THE PROBLEM
Return only the lines below starting at the line containing "ブラック 913156855 0505の画像1" and ending at the line containing "Maldivian ATR planes", both included, exactly as they are and with no pictures.

RECORD EXCERPTS
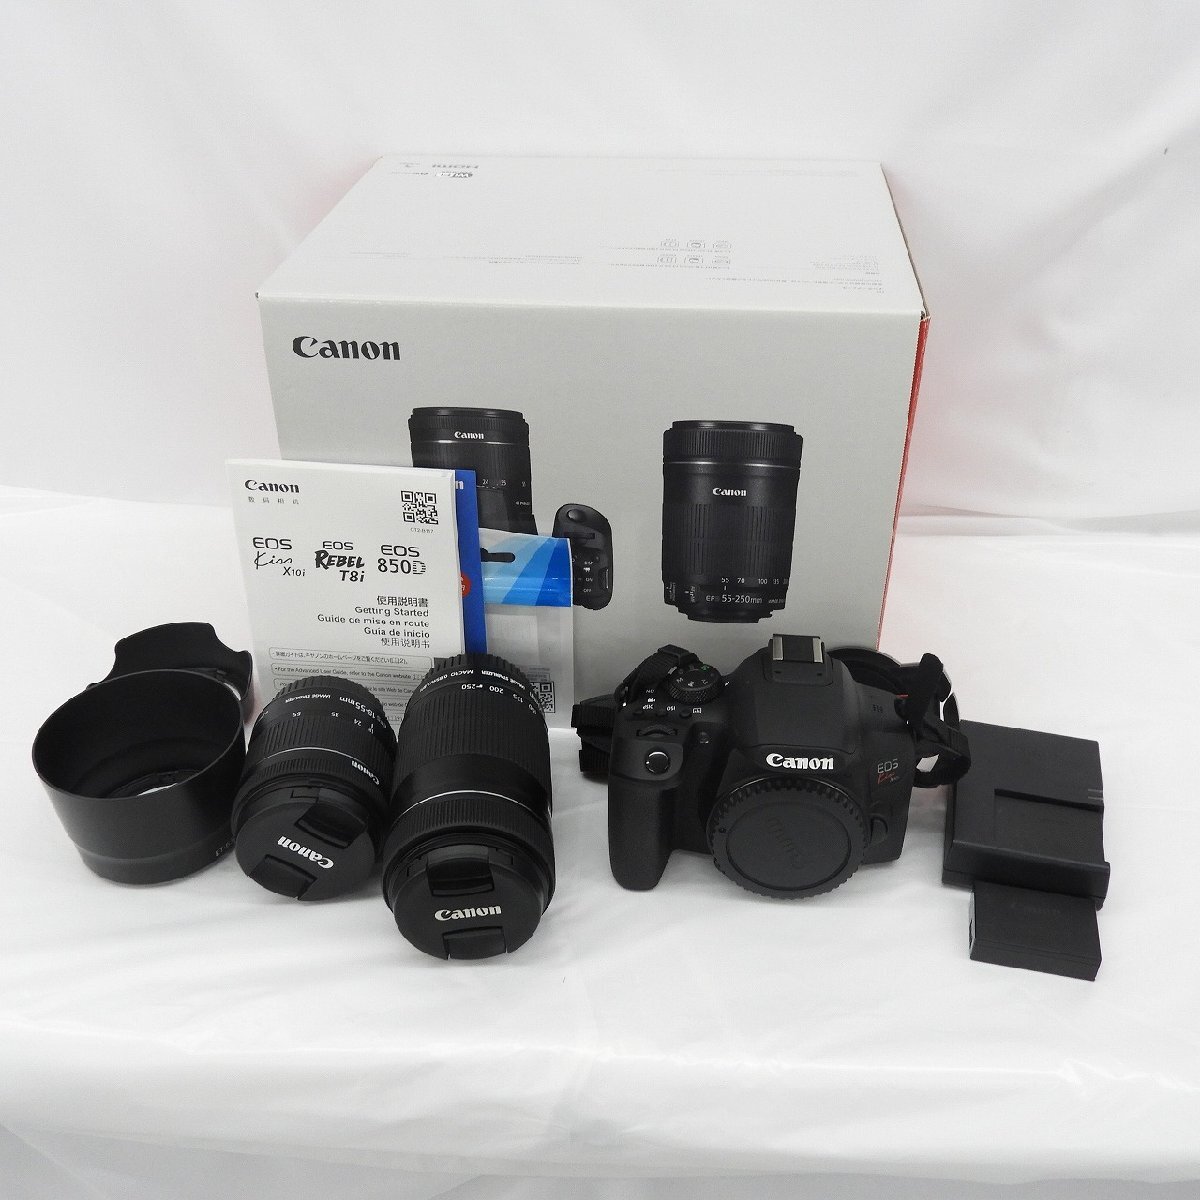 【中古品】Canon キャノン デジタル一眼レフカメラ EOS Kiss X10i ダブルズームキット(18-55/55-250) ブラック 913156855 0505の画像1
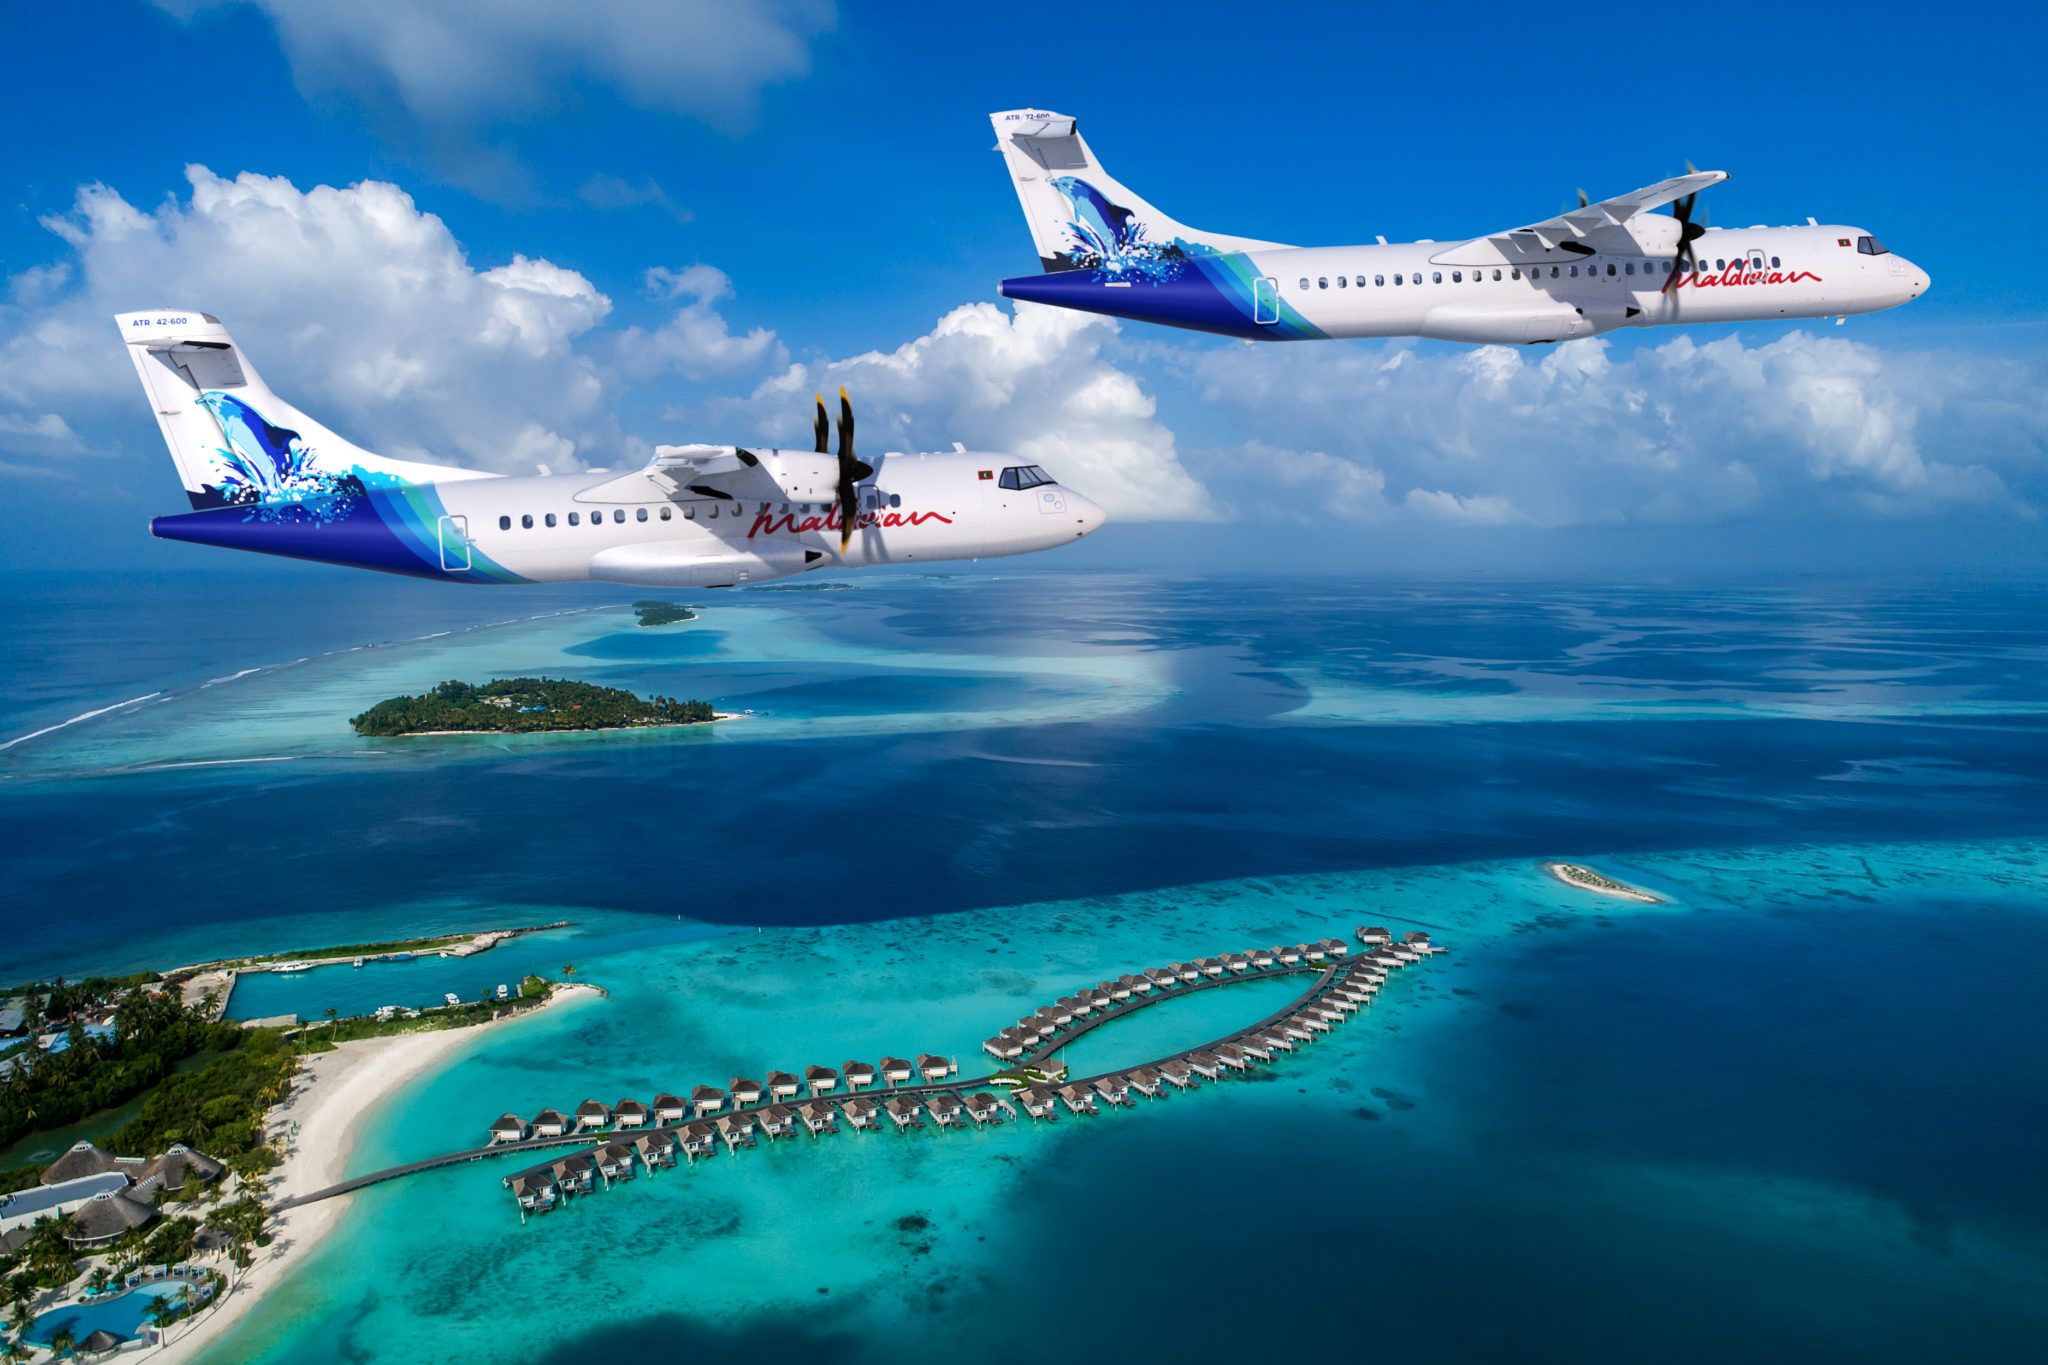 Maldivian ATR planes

...

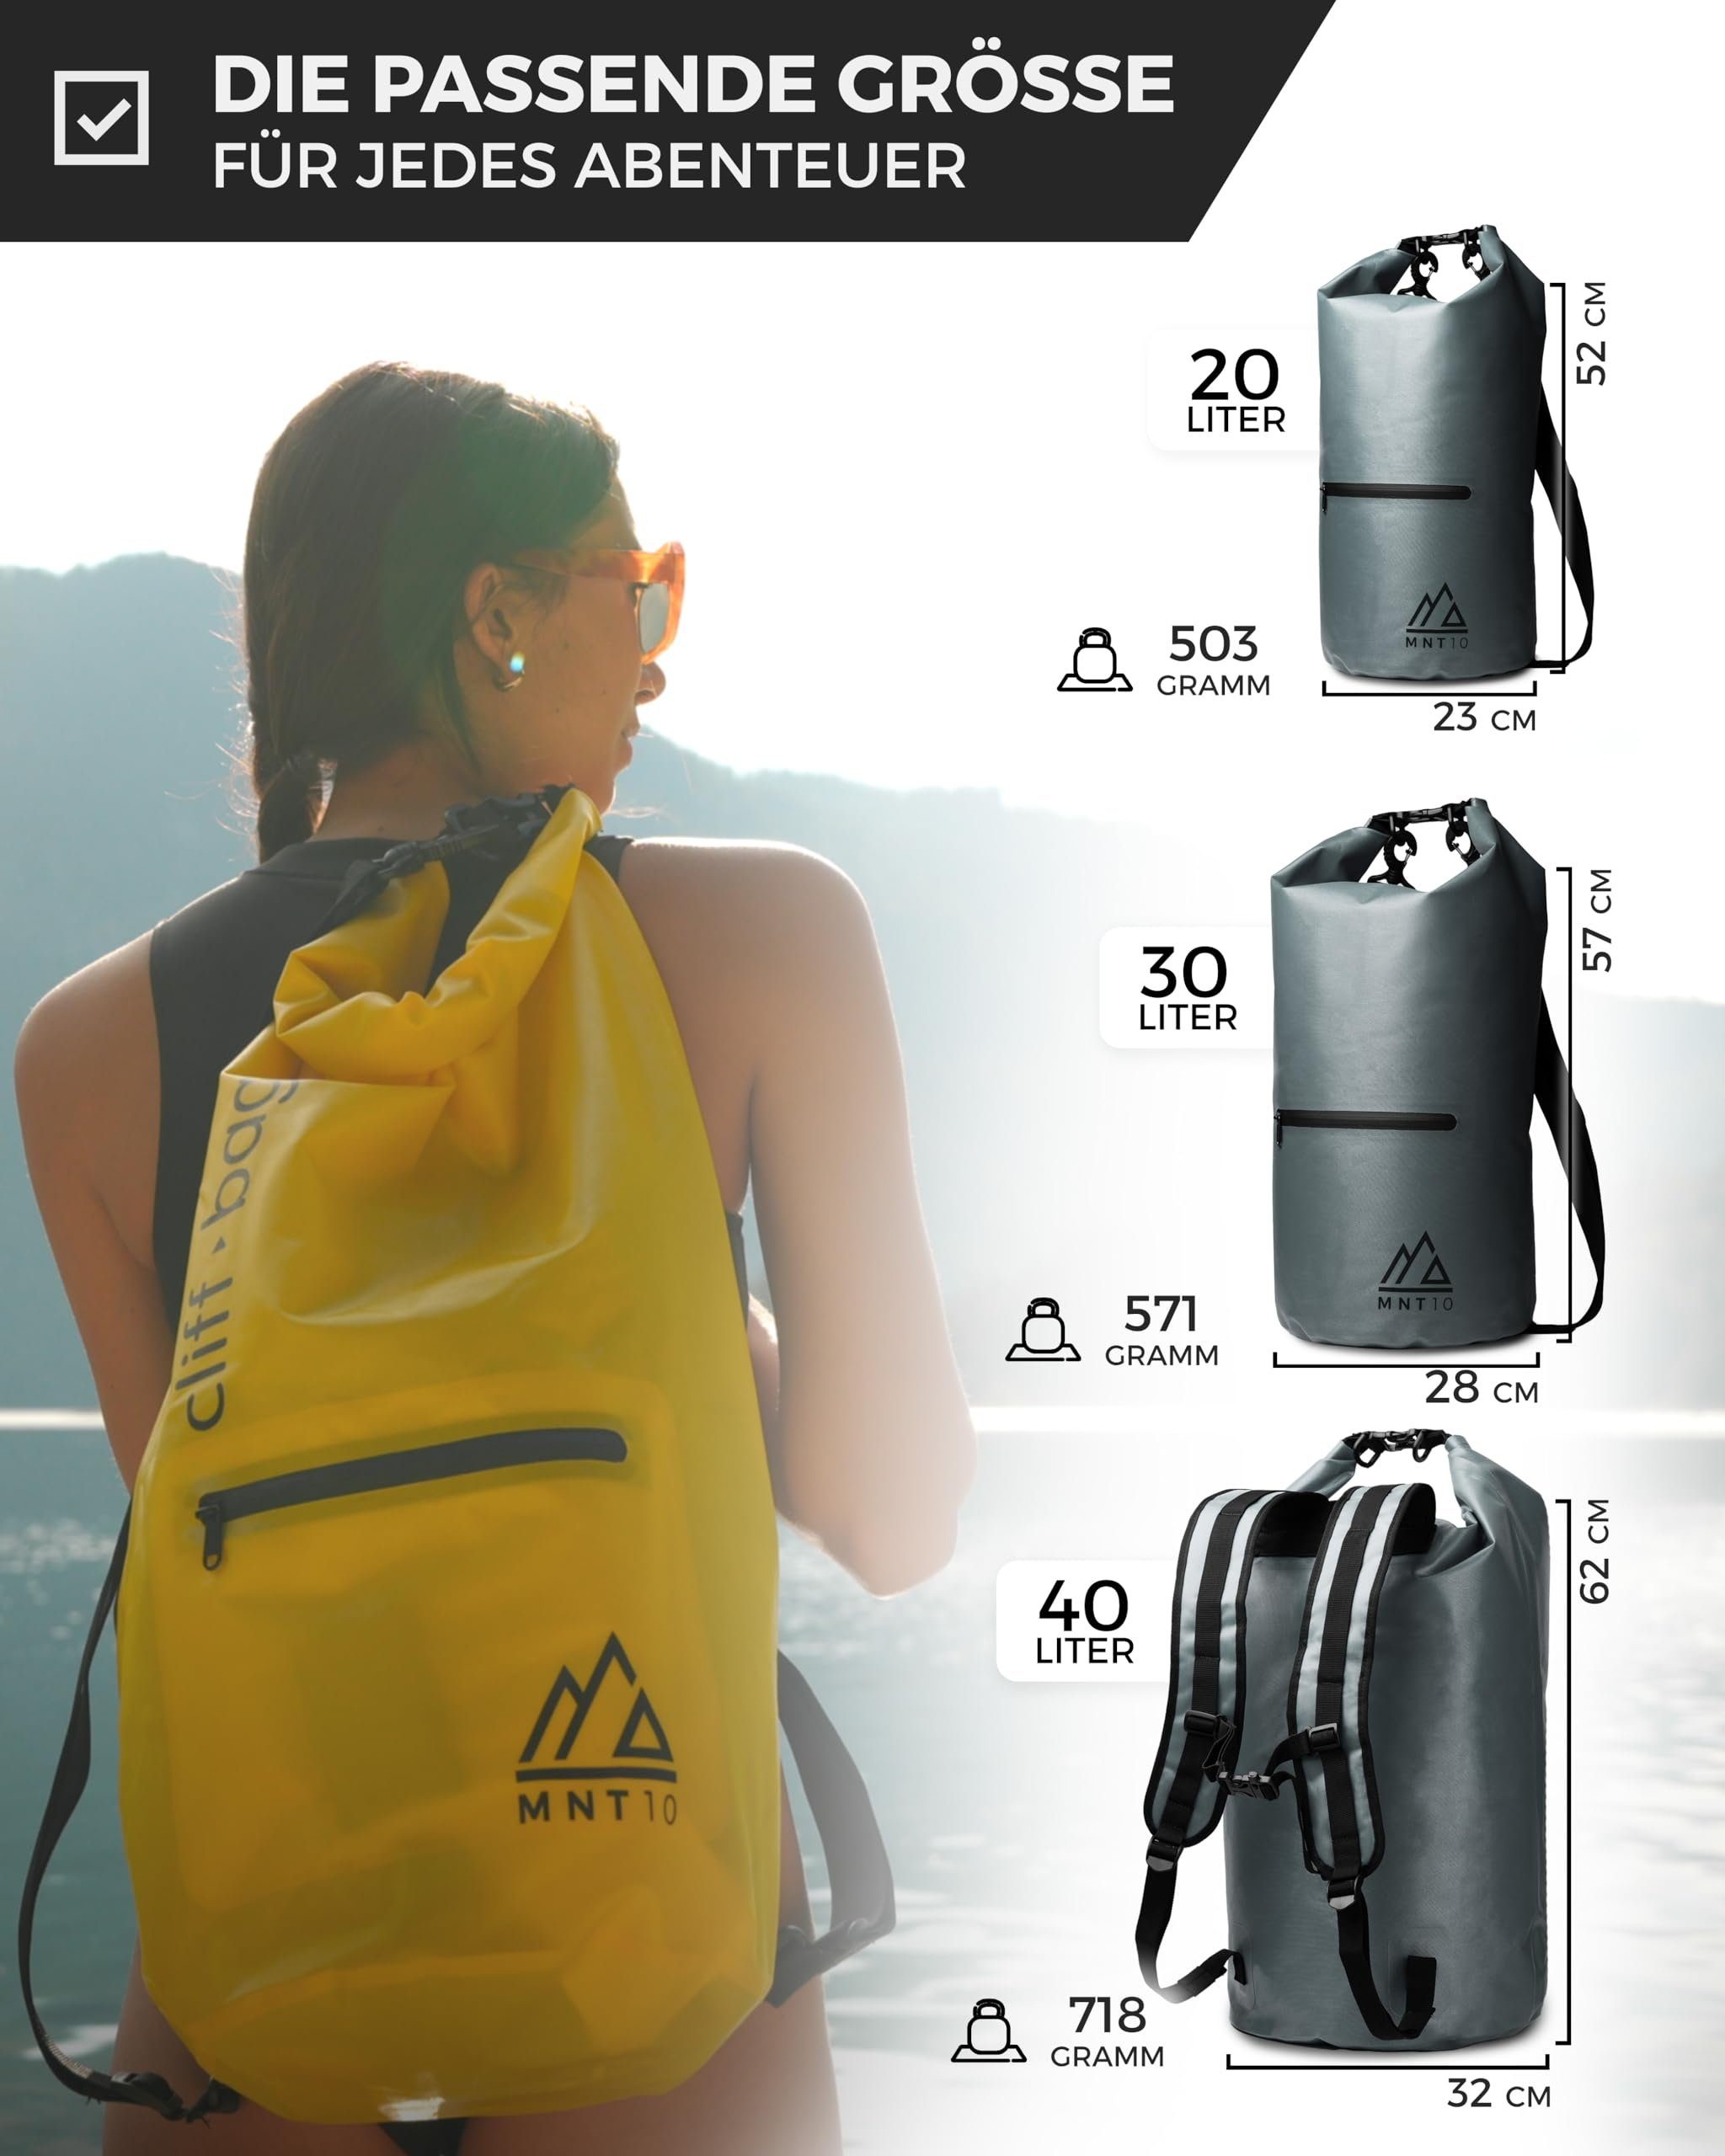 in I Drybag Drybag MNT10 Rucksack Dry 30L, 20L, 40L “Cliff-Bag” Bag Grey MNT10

---

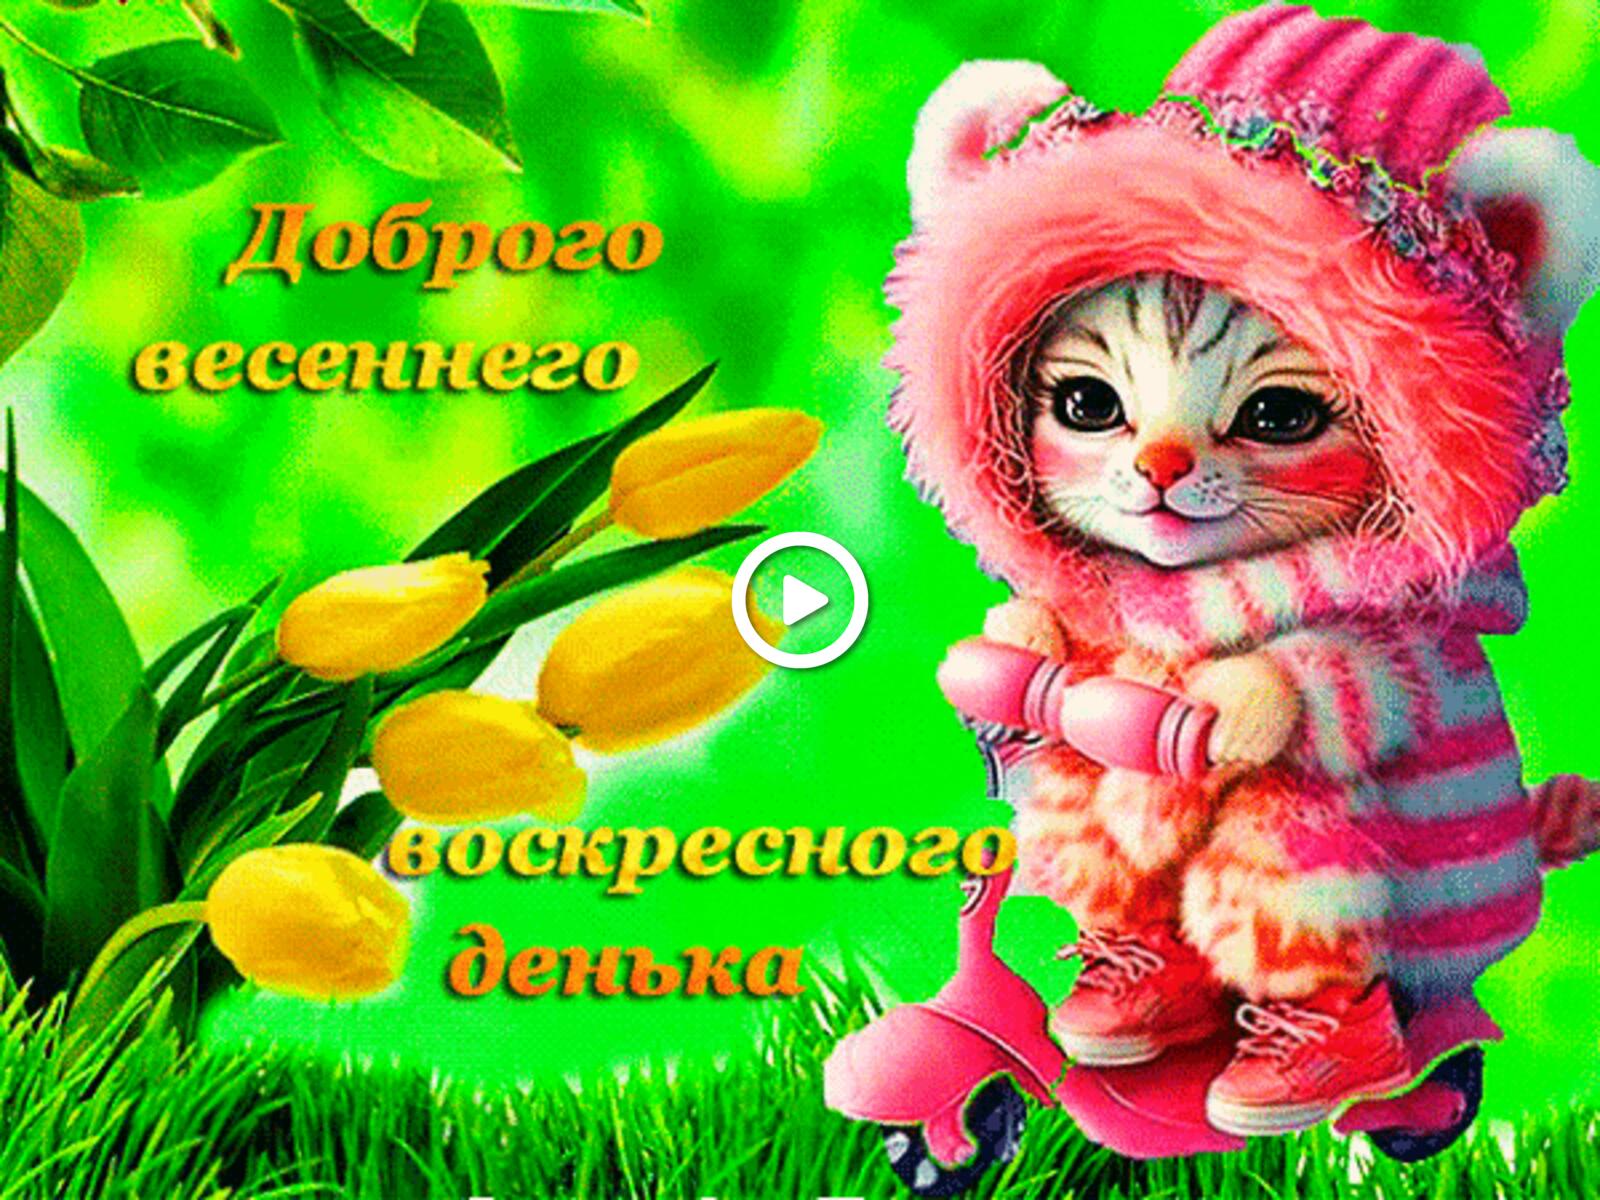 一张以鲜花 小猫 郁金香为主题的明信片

SOLUTION TO THIS PROBLEM
 【中古品】Canon キャノン デジタル一眼レフカメラ EOS Kiss X10i ダブルズームキット(18-55/55-250) ブラック 913156855 0505の画像1
 Maldivian ATR planes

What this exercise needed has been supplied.